It indeed would, but ALTER TABLE DROP COLUMN is a destructive operation, and
I'm assuming that anyone doing that is aware that it will have an impact on
stored data and such.  I initially thought that changing the display order of
columns shouldn't have the same impact with the stability of otherwise
unchanged record definition, as it would make such reorder much more impacting.
But I agree that having different behaviors seems worse.

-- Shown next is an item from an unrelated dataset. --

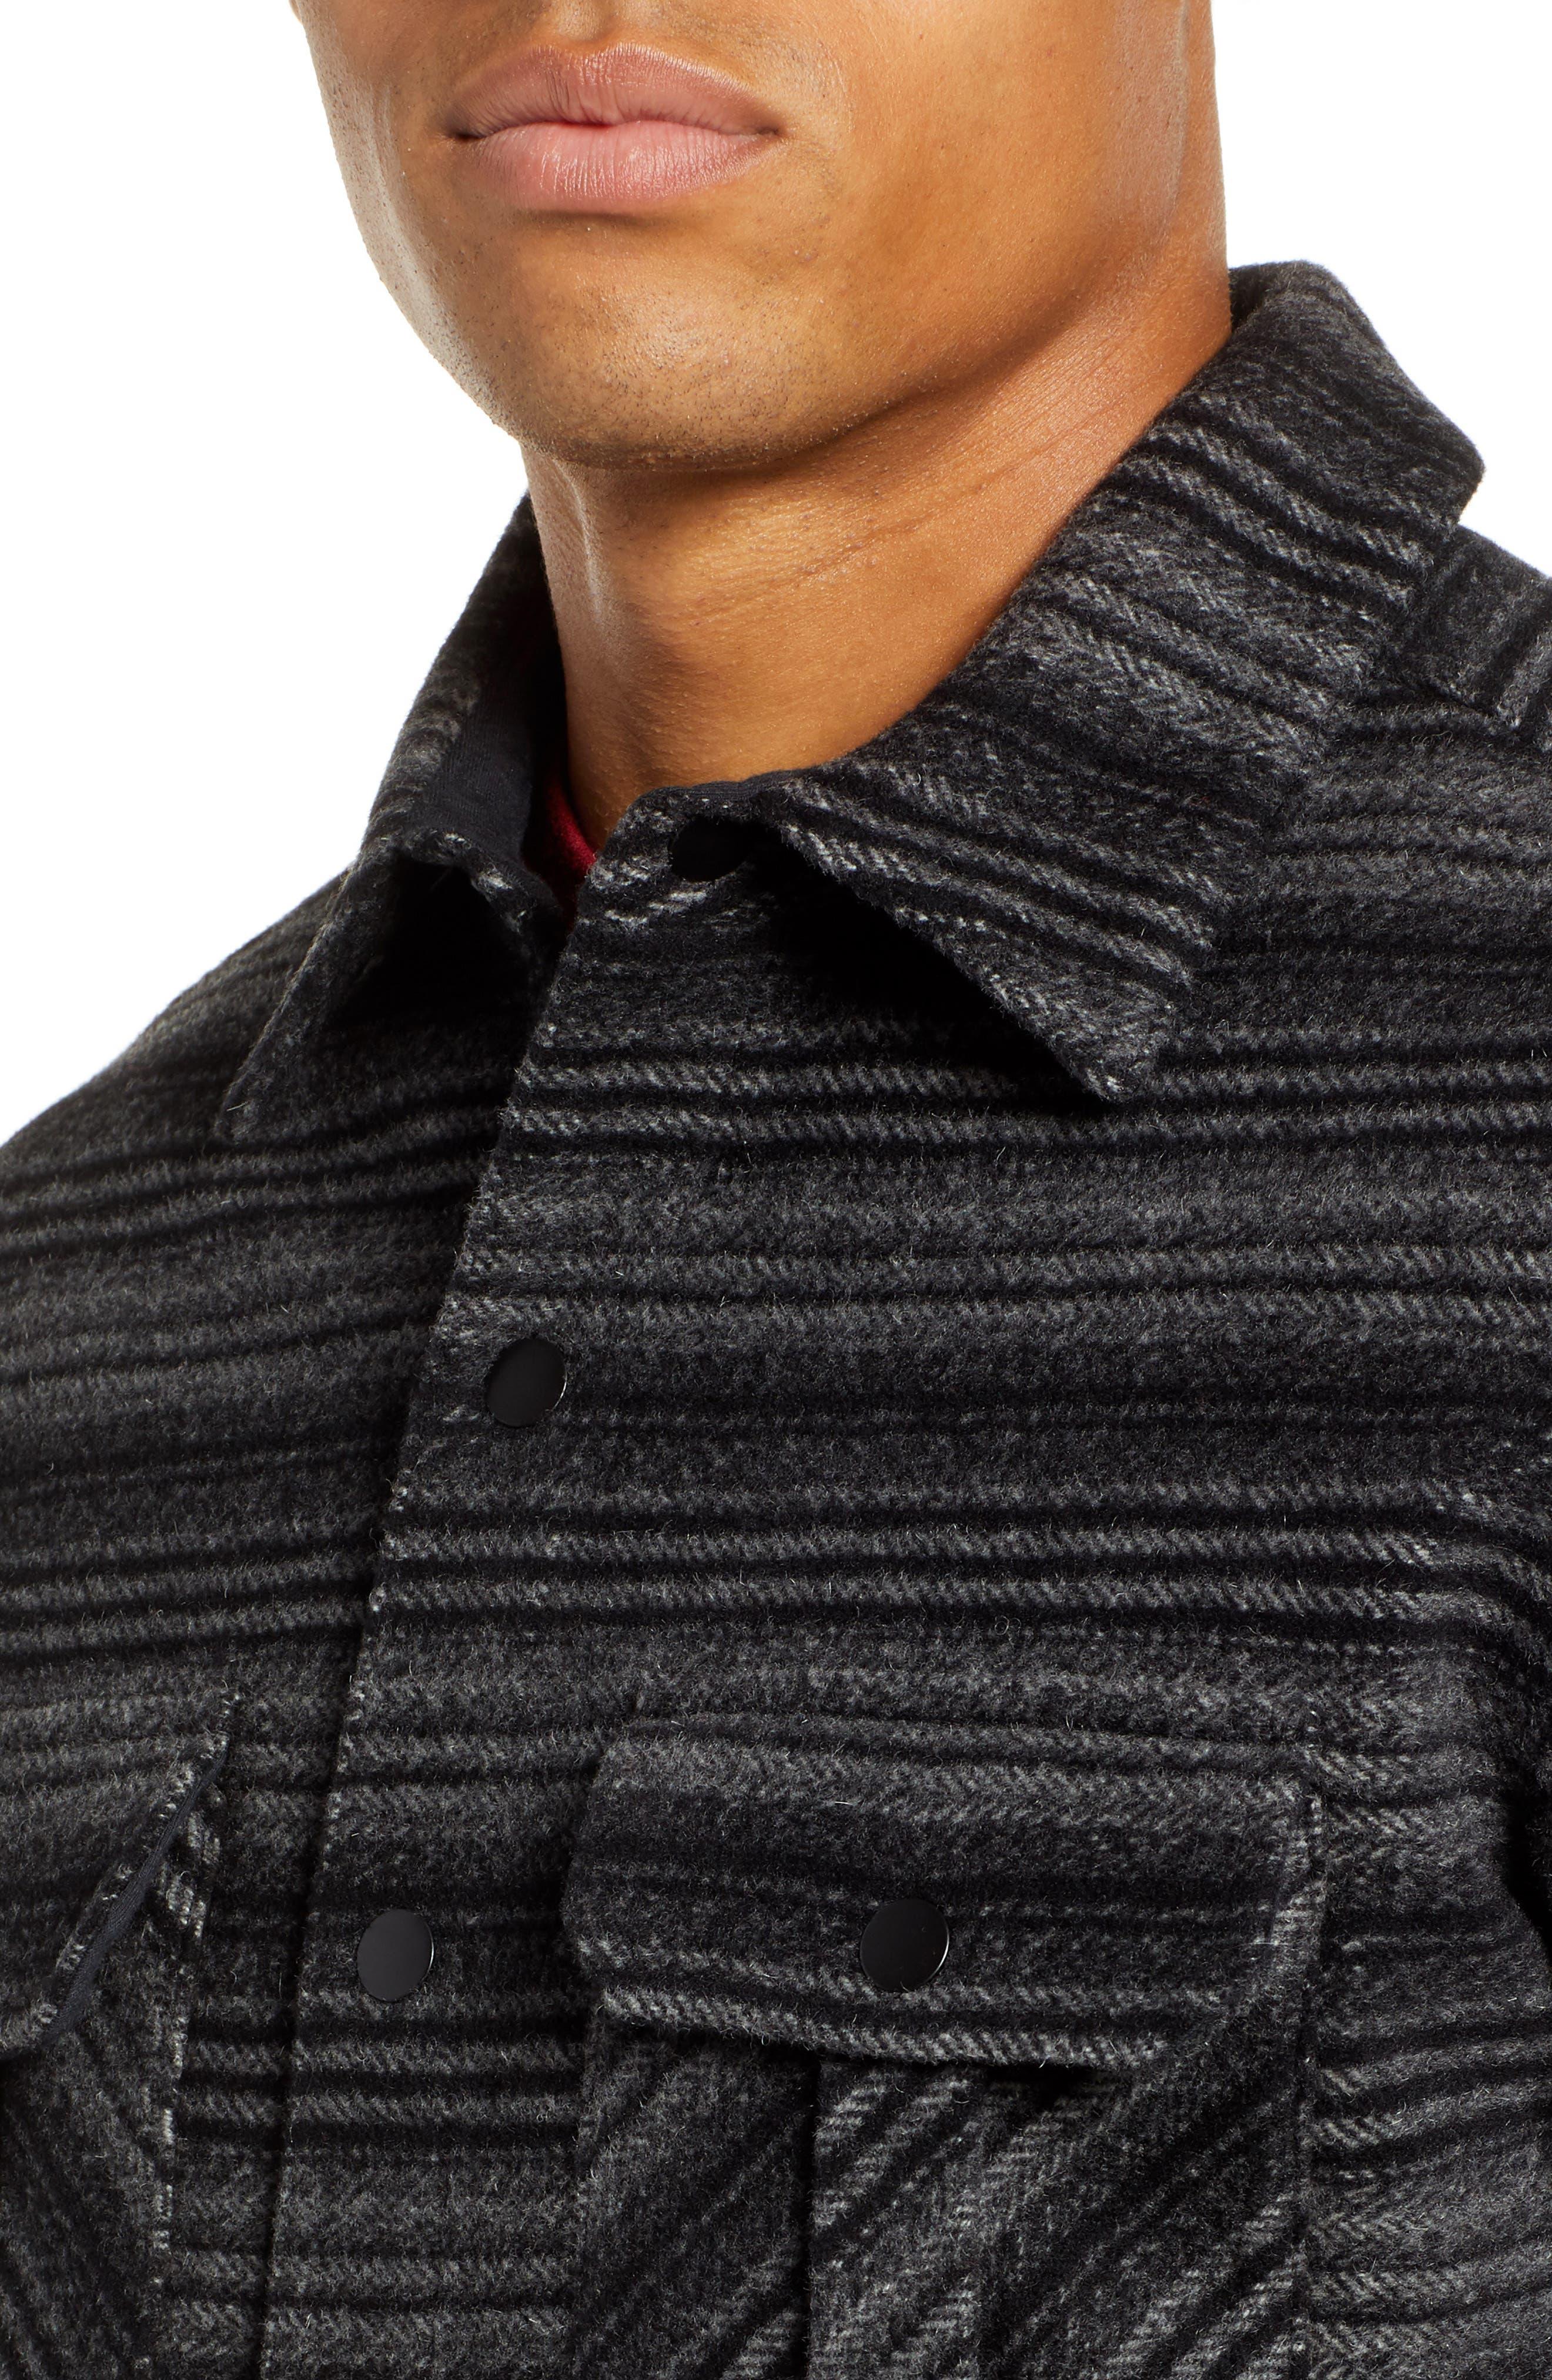 Anchor Line Flannel Shirt Jacket,                             Alternate thumbnail 2, color,                             MEDIUM GREY/ BLACK

> > Then, what about joinrels expansion?  I learned that the column ordering rules
> > are far from being obvious, and I didn't find those in the documentation (note
> > that I don't know if that something actually described in the SQL standard).
> > So for instance, if a join is using an explicit USING clause rather than an ON
> > clause, the merged columns are expanded first, so:
> >
> > SELECT * FROM ab ab1 JOIN ab ab2 USING (b)
> >
> > should unexpectedly expand to (b, a, a).  Is this order a strict requirement?
>
> I dunno, but I can't see why it creates a problem for this patch to
> maintain the current behavior. I mean, just use the logical column
> position instead of the physical one here and forget about the details
> of how it works beyond that.

I'm not that familiar with this part of the code so I may have missed
something, but I didn't see any place where I could just simply do that.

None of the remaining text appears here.